5/6/08

FERNANDO LISBOA

FERNANDO LISBOA – “CV RESUMIDO”

“Graduation in Architecture, FA-UP (Architecture School – Porto University) 1990. Arch. at Porto. Lecturer FA-UP.
Research interests: architectural drawing; semiotic; computer graphics. Mainly: drawing as method of knowledge, architecture as Art.
Currently: PhD student, FA-UP, since May 2000. Dissertation preliminary title: "Architectural Drawings: Objects and Images of Architecture within the Semiotics of C. S. Peirce. Supervisors: Domingos Tavares, FA-UP, e Vasco Branco, CA-UAveiro.
Director of Computer Graphics Laboratory, FA-UP, 1992-1999. Lecturer of CAAD I & CAAD II, FA-UP, 1992-1999. Lecturer of Project III, FA-UP, 1998-2000. Author of Desenho de Arquitectura Assistido por Computador (Porto, FA-UP Publicações, 1997), "www.arquitectura" in O Futuro da Internet – Estado da arte e tendências de evolução (ed. José Augusto Alves, Pedro Campos e Pedro Quelhas Brito, Edições Centro Atlântico, 1999) "Drawing Bits – Media Technology and Architectural Representation" in The Lisbon Charrette, Remote Collaborative Design (ed. William Mitchell, João Bento e José Pinto Duarte, IST Press, Lisboa, 1999). Sept & Dec 1994: invited to Alberti Euroconference on Precedents in Creative Design, St. Michael, Cambridge University, & Dept. of Architecture, Delft University, Delft. May 1995: Inter-Disciplinary Conference on Understanding Creativity, British Society for Aesthetics, coord. Prof. Andrew Harrison, Centre for Cognitive Issues in the Arts, University of Bristol, Bristol. Member of Peirce-L Telecommunity – Philosophical Forum on Charles Sanders Peirce. Eurographics 2001 Member.”
(Fernando Lisboa, “cv resumido”, in: http://home.kqnet.pt/id010313/index.html, acessed 1-5-2008)

FERNANDO LISBOA, “SHORT OUTLINE BY ESSENTIAL READINGS”“Short Outline followed by Essential Readings

Which are Peirce's key concepts? Hard question since
Peirce's philosophy is so large and complex that each of
us will refract his discourse according to our own
concerns. Anyway, there is the concept of Sign and
Semiosis and Interpretant and Immediate Object and
Dynamic Object , the latter one seeming to re-ference, to re-interpret, the classic notion of Substance. Nevertheless, I and You, I'm sure, we would want to choose this one: INQUIRY, meaning Research, Investigation, Questioning. It is
all about stressing doubt, endless doubt, our fallible
and lonely condition as individuals towards an uneasy world
to live in -- `vae soli'. The harassment of Reality or, as
Peirce puts it, the Outward Clash, does not abandon us
never. Indeed, Reality has the eccentric habit of
reacting or resisting upon our conveniences or
pleasures.
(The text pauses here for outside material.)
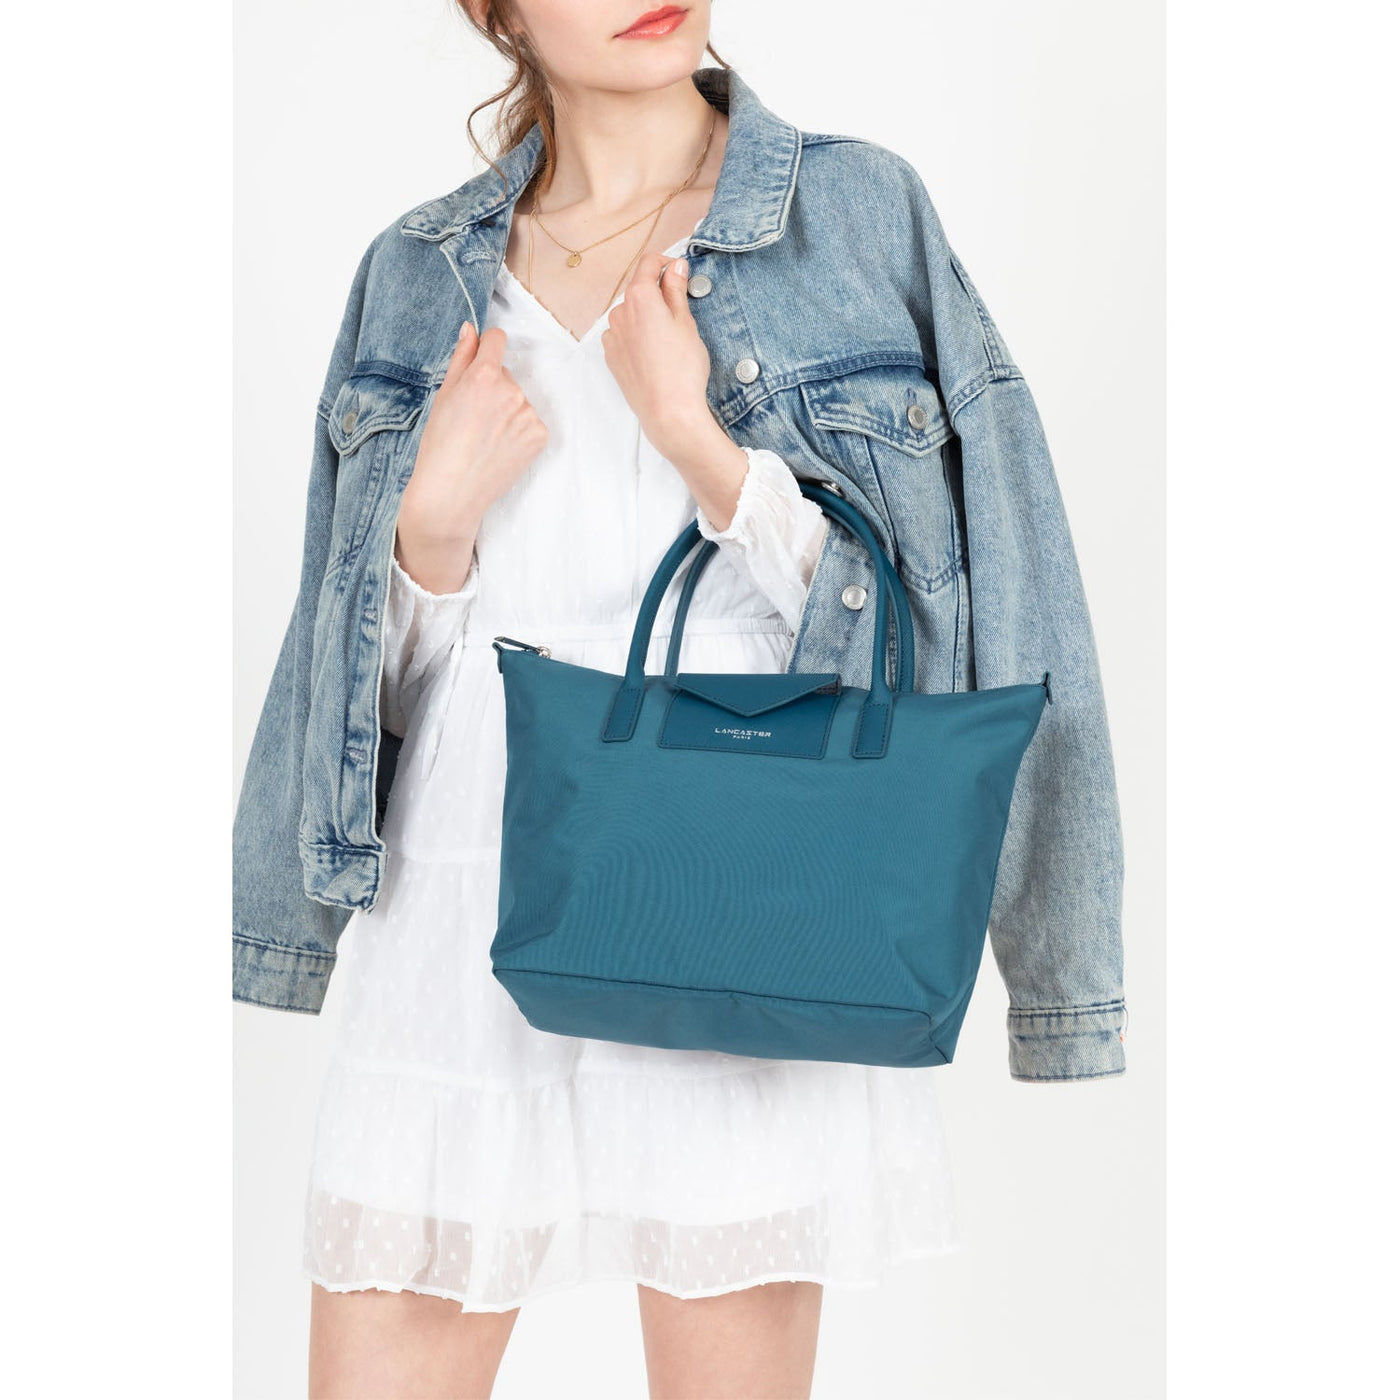 m tote bag - smart kba #couleur_bleu-paon

How can one deals with the clash, the
affluence of reality? Battling for truth, I suppose. Now:
what is Truth? Like Pilatos facing Jesus, before waching
his hands. Is this truth?, I ask myself against anything
that seems unreal. But then, what is Reality? Peirce
offers us precious insights on these questions by
proposing other kind of questions: first, not what is
Truth, but how can we get it; second, not what is
Reality but how can we surround it and appease it.
Regarding the former: never. Regarding the latter:
never. Since: ``The cognitions which thus reach us by
[...] infinite series of inductions and hypotheses […] are
of two kinds, the true and the untrue, or cognitions
whose objects are real and those whose objects are
unreal. And what do we mean by the real? [...] It is a
conception which we must first have had when we
discovered that there was an unreal, an illusion; that is,
when we first corrected ourselves. Now the distinction
for which alone this fact logically called, was between
an ens relative to private inward determinations, to the
negations belonging to idiosyncrasy, and an ens such as
would stand in the long run. The real, then, is that
which, sooner or later, information and reasoning would
finally result in, and which is therefore independent of
the vagaries of me and you" (On Some Consequences of
Four Incapacities Claimed For Man, 1868, CP 5.311). Peirce was quite outsanding as a scientist, as a mathematician and s a philosopher -- also as someone that endured the bitter taste of living. His discovery that reasoning can be thought of as having three basic modes -- deductive, inductive, and abductive -- is only one of many several proposals he made. Comparing Peirce with Aristotle, Aquina and Kant: equal among equals.”